= Reckya Madougou =

Beninese politician (born 1974)

Reckya Madougou (born 30 April 1974) is a Beninese politician. She served in the Boni Yayi cabinet twice: first as Minister of Microfinance, Youth and Women's Employment; and then as Minister of Justice.

== Early life ==
Madougou was born on 30 April 1974. In elementary school, she was interested in scouting. As an adult, she joined the Benin chapter of Jeune Chambre Internationale (JCI), eventually becoming a vice president.
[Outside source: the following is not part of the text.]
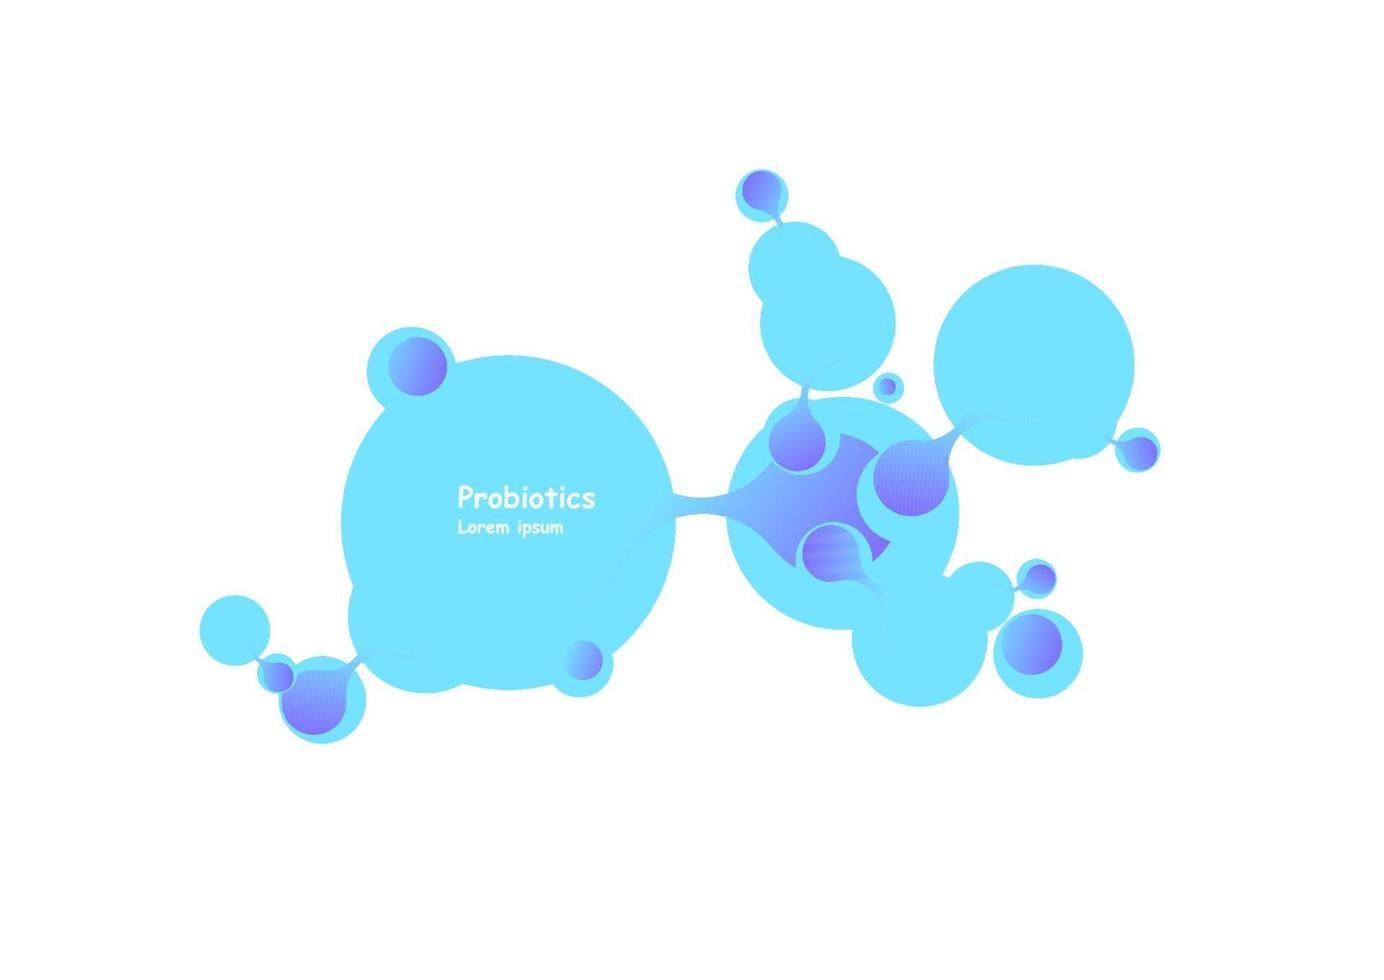 projeto de vetor de bactérias probióticos. projeto de vetor de bactérias probióticos. conceito de design com bactérias probióticas de lactobacilos. modelo de design com ingrediente prebiótico de nutrição saudável

Madougou graduated from the Institut National d'Economie (now the Ecole Nationale d'Economie appliquée et de Management) in Benin in 1997. She received a diploma in Commercial Engineering from ISG Lille in 1998, then a Doctorate in International Business from the Institute of Higher International Studies in 2000. She was chosen to represent Benin in the 2007 International Visitor Leadership Program.

== Career ==
Madougou started her professional career by participating in the development of the Nasuba telecom LC 2 International project. She then entered the Sales and Marketing department of the mobile operator GSM BB Com. She later became the Director of Sales and Marketing at Tunde Motors, holder of the Volkswagen manufacturing license for Benin. In 2006, she founded her own research and strategy consulting firm, International Key Consulting.

=== Political involvement ===
Madougou initiated and led the civil society campaign "Don't touch my Constitution" (French: Touche pas à ma Constitution) in Benin from 2004 to 2006, which inspired similar campaigns in Senegal, Burkina Faso and Cameroon.

Madougou served in the Cabinet from 2008 to 2013. Her first appointment was as Minister of Microfinance, Youth and Women's Employment. The programs she began helped over two million beneficiaries, mostly women, youths, small entrepreneurs, and farmers. She then became Minister of Justice. After leaving the Cabinet, she became a Special Advisor to the government of Togo.

As head of the political party Les Démocrates, Madougou declared her intention to contest the presidential election on 11 April 2021; however, her candidacy was rejected as she did not have 16 signatures from supporting mayors or MPs. She was arrested on 3 March 2021 during a meeting with another opposition politician in Porto-Novo. A government spokesman accused her of "planning to assassinate several political figures", but did not announce a trial date. On 4 April 2021, a Beninese judge who had gone into exile told Radio France Internationale that Madougou's arrest was solely political.

On 9 July 2021, Reckya Madougou's lawyers filed a request for the provisional release of their client with the prosecutor of the Court for the Repression of Economic Offenses and Terrorism.

== Prison sentence ==
On 11 December 2021, Madougou was found guilty of "complicity in terrorist acts" by the Economic Crime and Terrorism Court in the capital Porto-Novo and sentenced to 20 years in prison.

== Publications ==

- Soigner les certitudes (with Stephens Akplogan). Éditions Jean-Jacques Wuillaume, 2020.
- Mon combat pour la parole : les défis d'une mobilisation citoyenne pour la promotion de la gouvernance démocratique. L'Harmattan, 2008.